#### Task to complete
Work through the listing below and give again exactly the lines from the one with "Billede 3 - Førstedagskuverter" to the one with "Neue Justiz (NJ), Zeitschrift", both ends included. All other lines and all pictures stay out.

#### Dataset extract

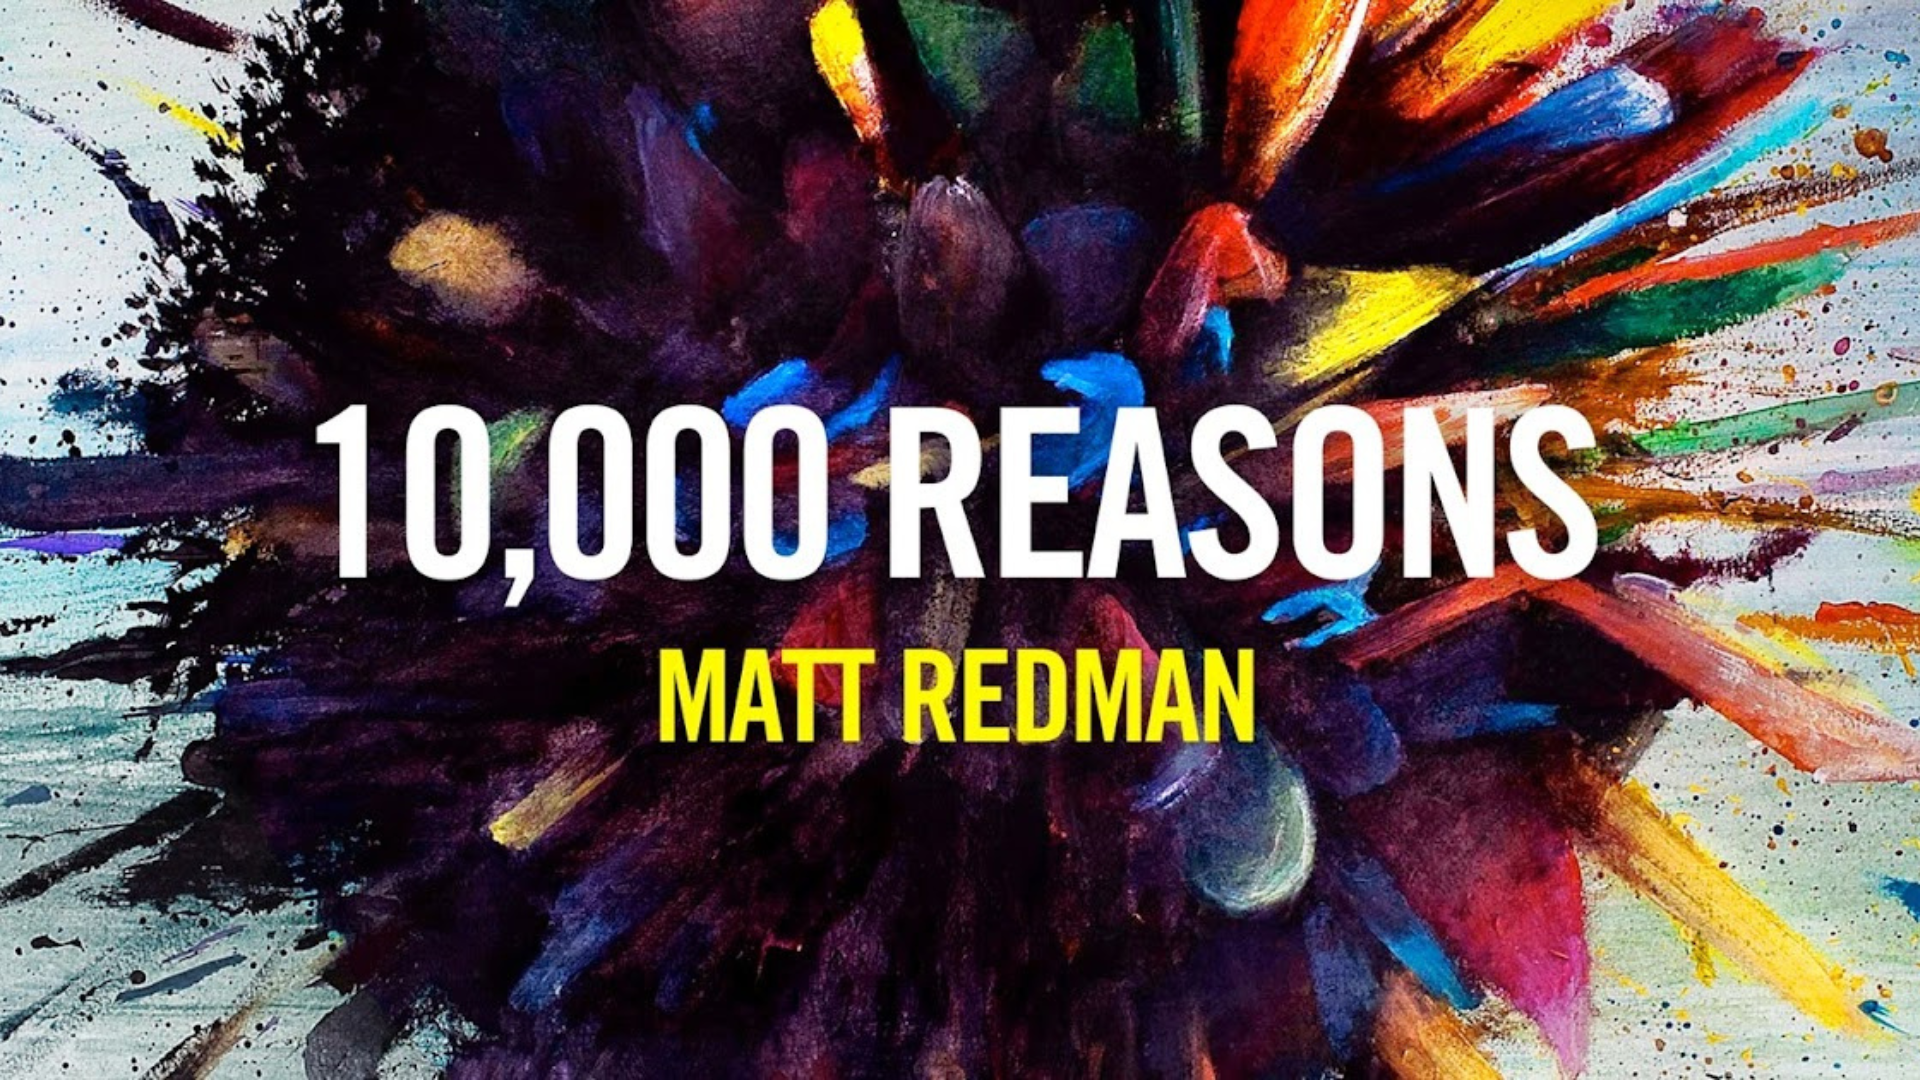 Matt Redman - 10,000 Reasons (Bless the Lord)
---
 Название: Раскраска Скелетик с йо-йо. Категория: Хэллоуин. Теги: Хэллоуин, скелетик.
--
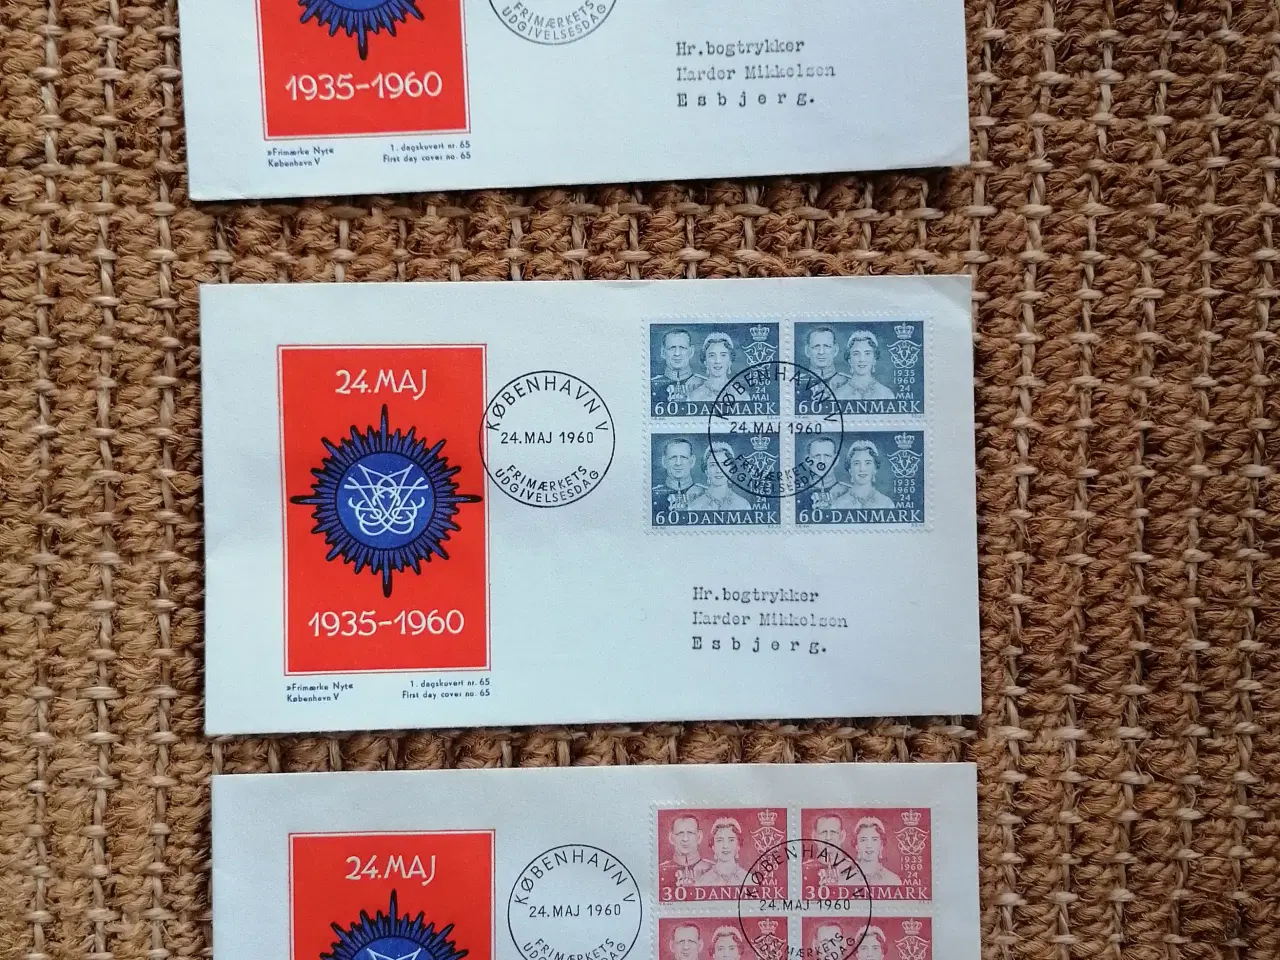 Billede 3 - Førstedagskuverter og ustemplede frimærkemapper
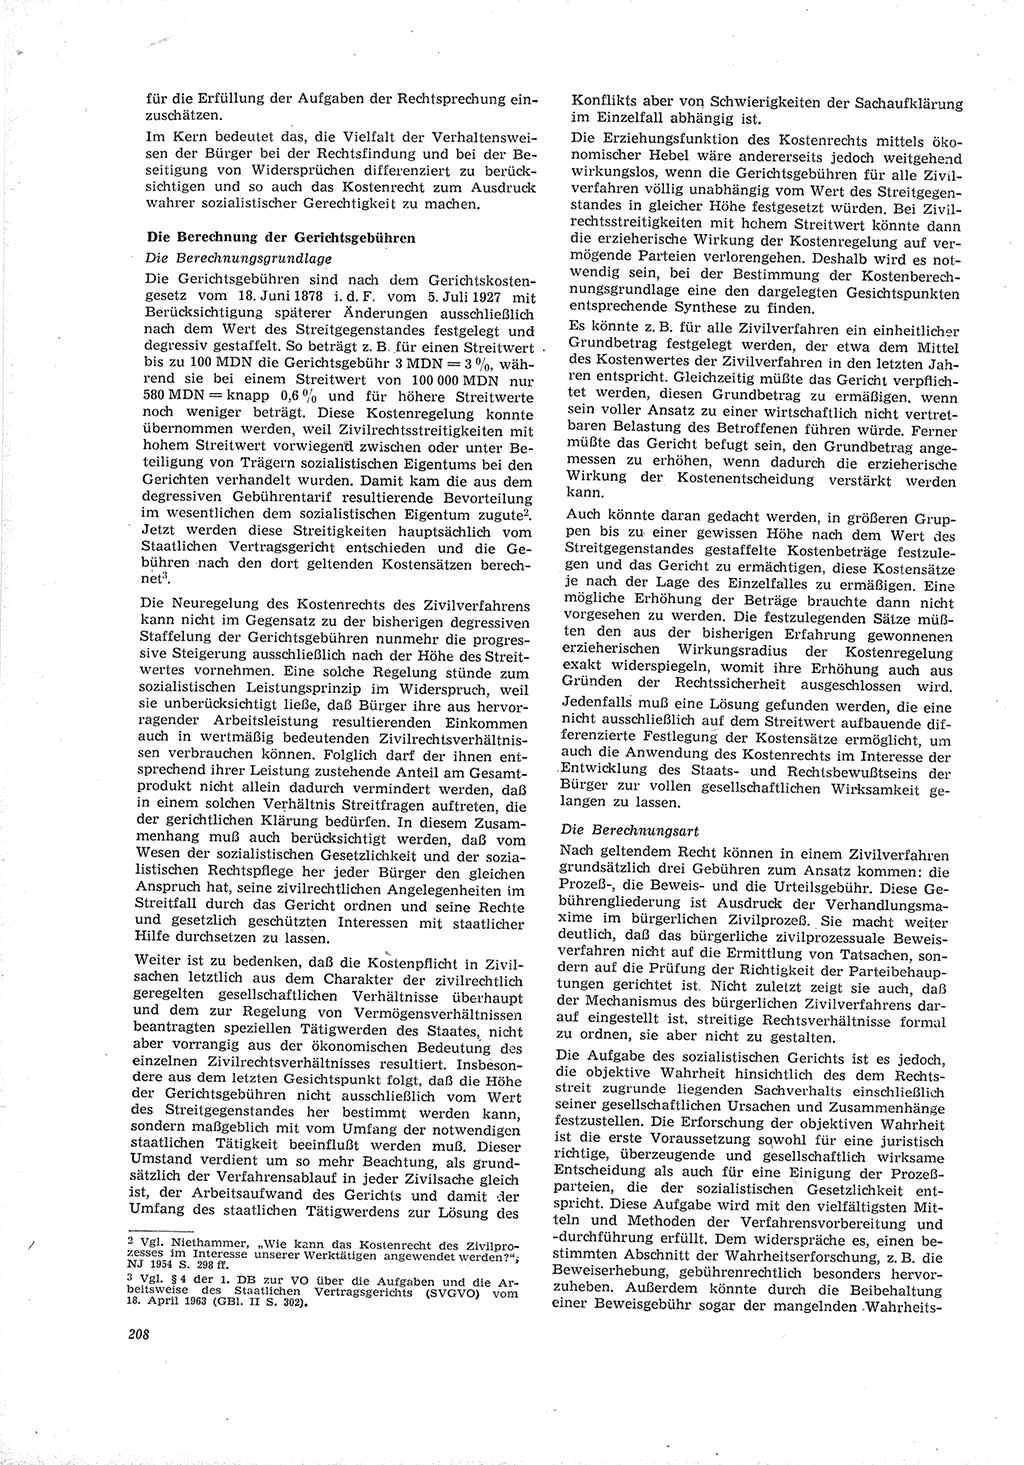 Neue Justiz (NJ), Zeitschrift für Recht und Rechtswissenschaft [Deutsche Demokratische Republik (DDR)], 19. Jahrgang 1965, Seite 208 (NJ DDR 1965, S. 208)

#### Result of the task
 Billede 3 - Førstedagskuverter og ustemplede frimærkemapper
 Neue Justiz (NJ), Zeitschrift für Recht und Rechtswissenschaft [Deutsche Demokratische Republik (DDR)], 19. Jahrgang 1965, Seite 208 (NJ DDR 1965, S. 208)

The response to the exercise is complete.